HEAT DISSIPATION DEVICE WITH MULTIPLE HEAT DISSIPATION ZONES

Abstract

A heat dissipation device includes a base having a first surface in contact with at least one heat source and an opposite second surface having a heat dissipation zone upward extended therefrom; an auxiliary heat dissipation zone horizontally extended from one of four lateral sides or directions of the heat dissipation zone; an air guiding section defined at the auxiliary heat dissipation zone; and at least one upward indented zone formed between the auxiliary heat dissipation zone and the side of the heat dissipation zone having the auxiliary heat dissipation zone sideward sidewardly extended from a higher portion thereof. With these arrangements, the heat dissipation device can guide air flow currents directly or indirectly to a plurality of heat sources located corresponding to the heat dissipation zone and the auxiliary heat dissipation zone at the same time to cool them.

Claims

1: A heat dissipation device, comprising: a base having a lower and an upper side respectively defined as a first and a second surface thereof, and the first surface being in contact with at least one heat source; a heat dissipation zone upward extended from the second surface of the base; at least one auxiliary heat dissipation zone horizontally extended from at least one of four lateral sides or directions of the heat dissipation zone; an air guiding section defined at the at least one auxiliary heat dissipation zone; and at least one upward indented zone formed between a lower side of the at least one auxiliary heat dissipation zone and the side of the heat dissipation zone having the auxiliary heat dissipation zone sideward extended a higher portion thereof.

2: The heat dissipation device as claimed in claim 1, further comprising at least one heat pipe unit, each of which including a first heat pipe and a second heat pipe; and wherein the base is provided with a plurality of recesses; and the first heat pipe and the second heat pipe respectively having an end correspondingly received in the recesses to lie in the base and another end extended into the heat dissipation zone and the at least one auxiliary heat dissipation zone.

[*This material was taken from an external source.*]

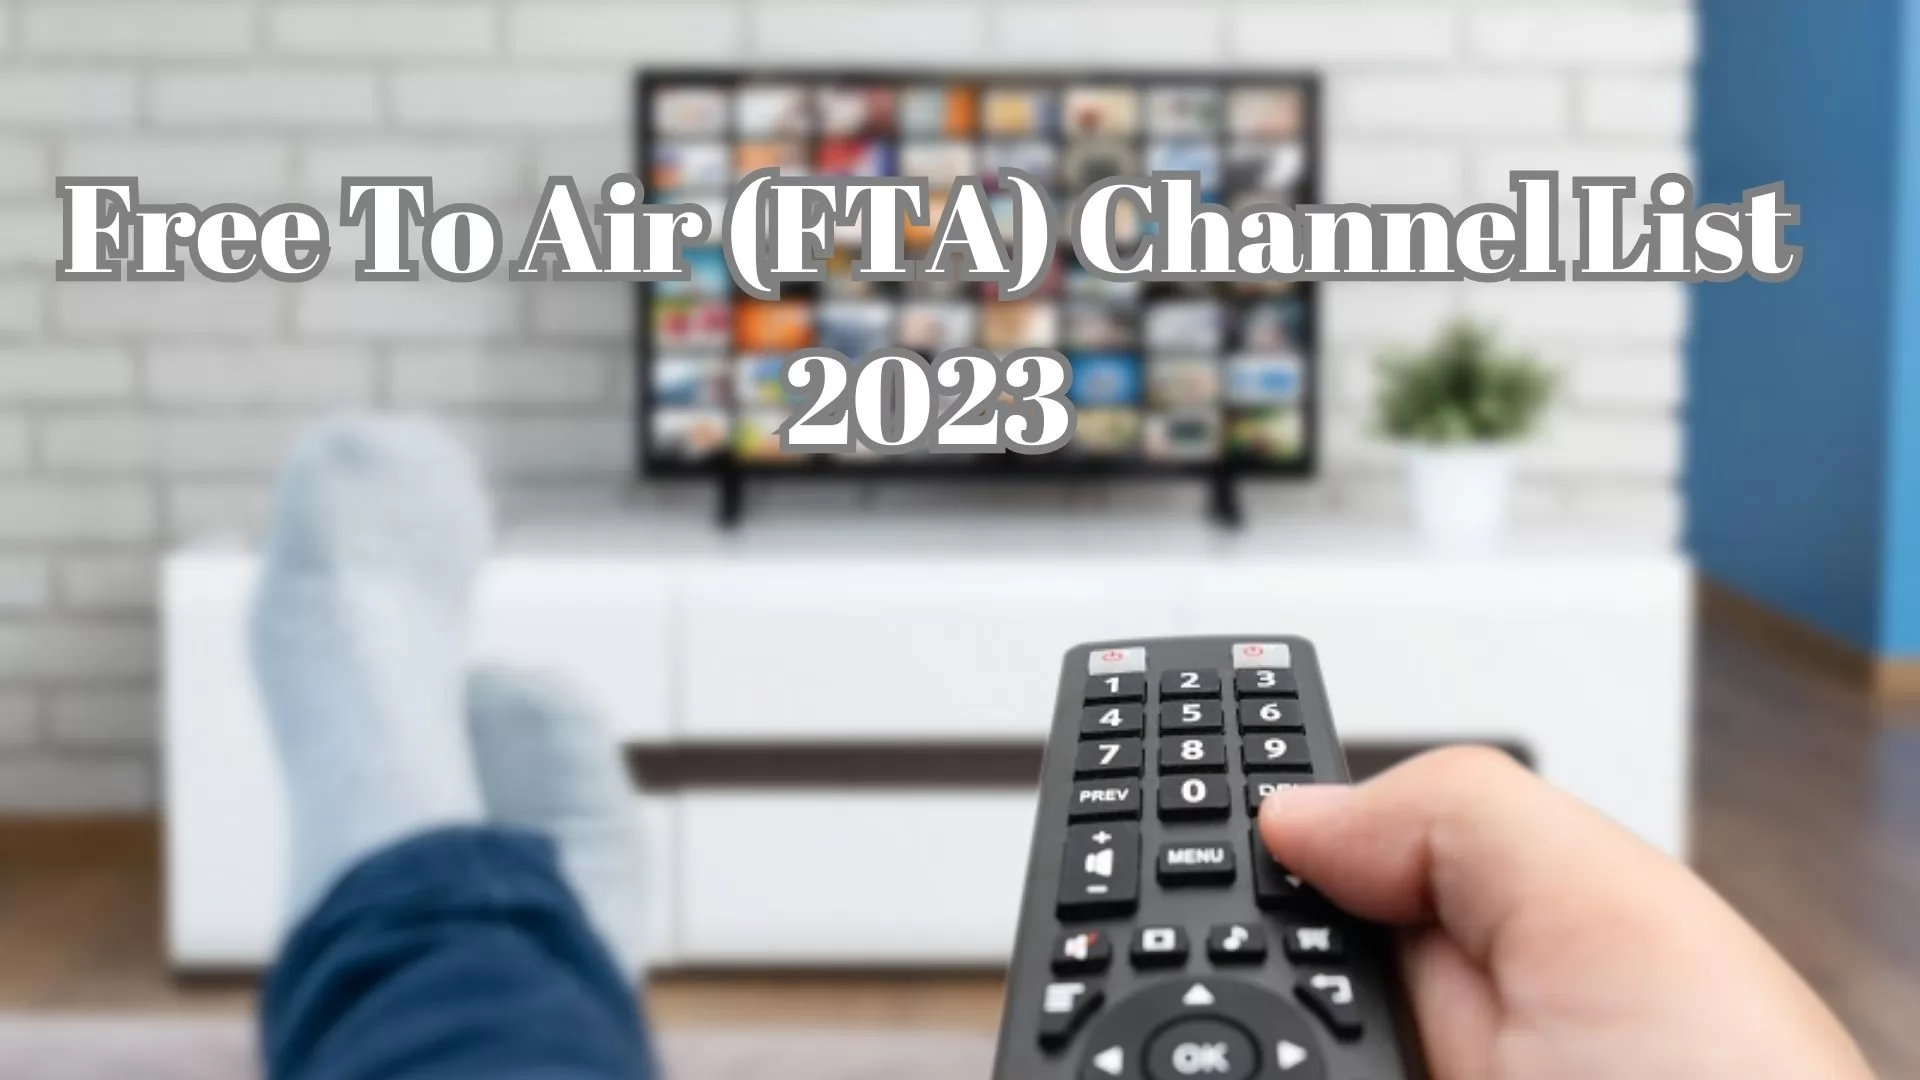 Free-To-Air (FTA) Channel List 2023
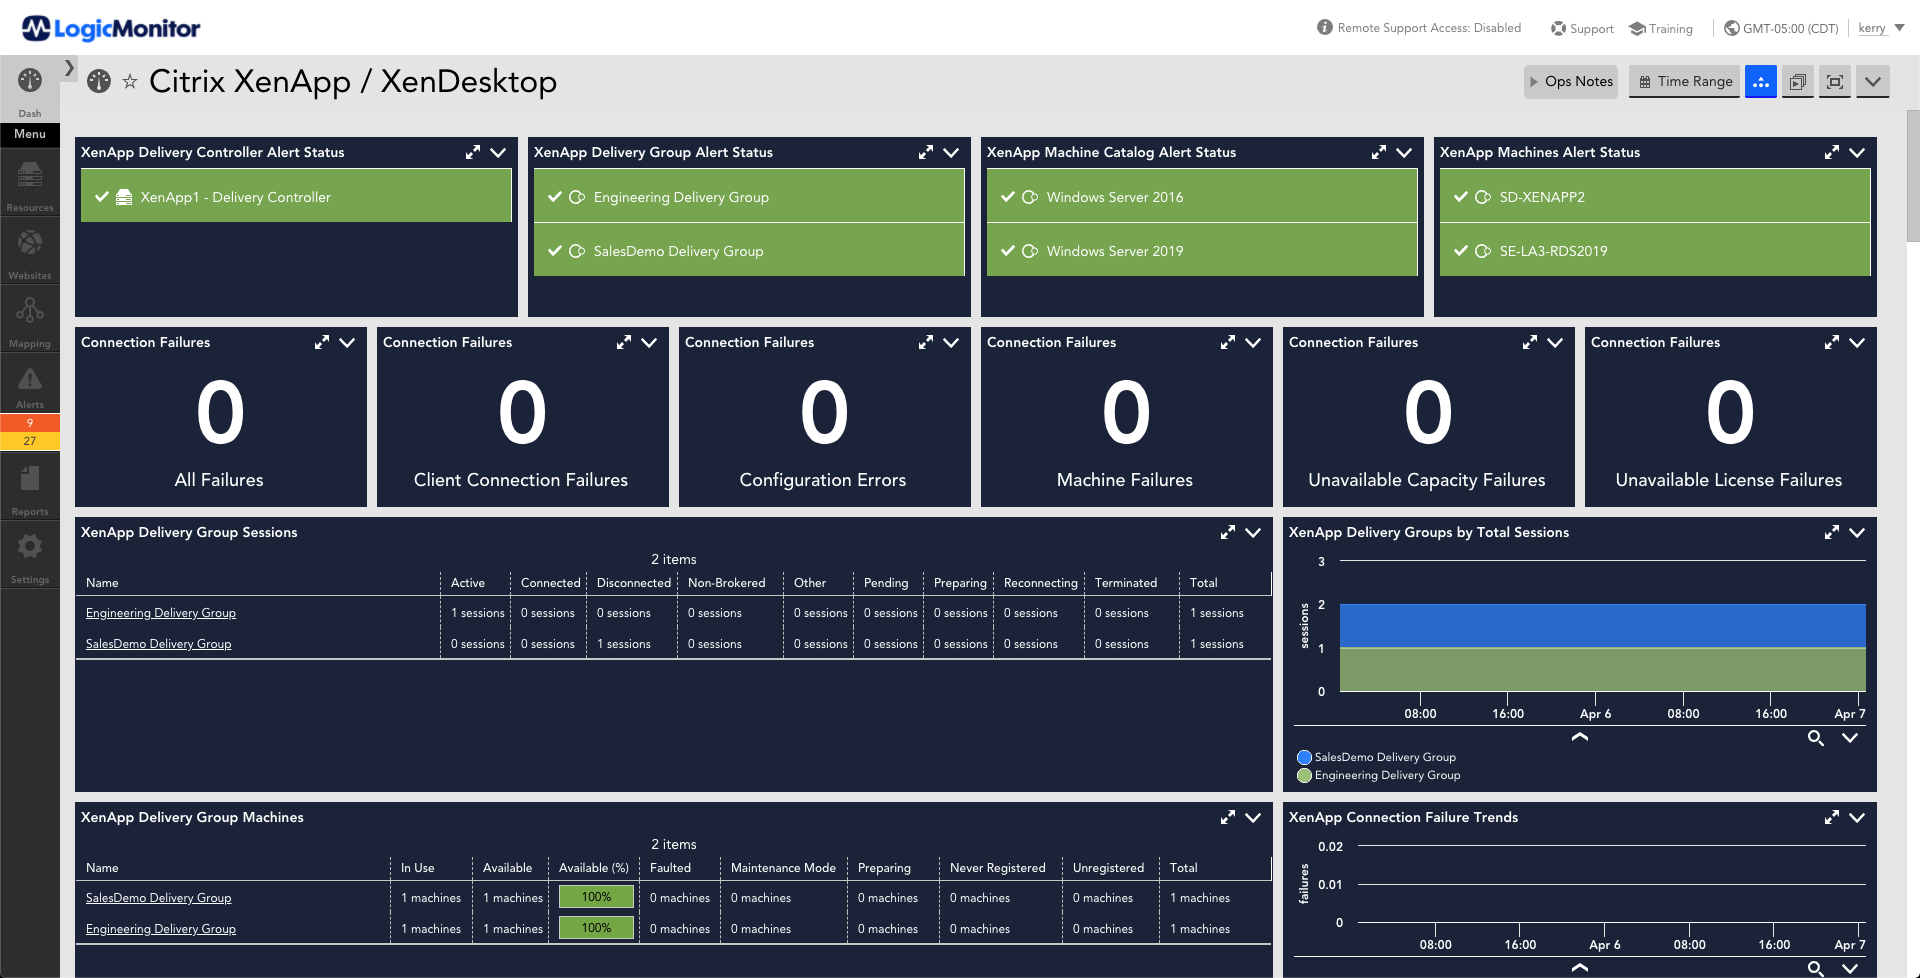 http://This%20dashboard%20provides%20status%20of%20Citrix%20XenApp%20/%20Xendesk%20applications.%20The%20metrics%20displayed%20are%20alert%20status,%20connection%20failure,%20delivery%20group%20sessions,%20delivery%20group%20sessions%20over%20time,%20delivery%20group%20machines,%20connection%20failure%20over%20time.

3: The heat dissipation device as claimed in claim 1, further comprising at least one heat pipe unit, each of which including a first heat pipe and a second heat pipe; and the first and the second heat pipe being extended through the heat dissipation zone and the at least one auxiliary heat dissipation zone.

4: The heat dissipation device as claimed in claim 1, wherein the air guiding section is a beveled surface defined at a lower surface of the at least one auxiliary heat dissipation zone for guiding cooling air flow currents to flow through the at least one upward indented zone located below the at least one auxiliary heat dissipation zone.

5: The heat dissipation device as claimed in claim 1, wherein the air guiding section is an air flow passage formed in the at least one auxiliary heat dissipation zone for guiding cooling air currents to flow through the at least one upward indented zone located below the at least one auxiliary heat dissipation zone.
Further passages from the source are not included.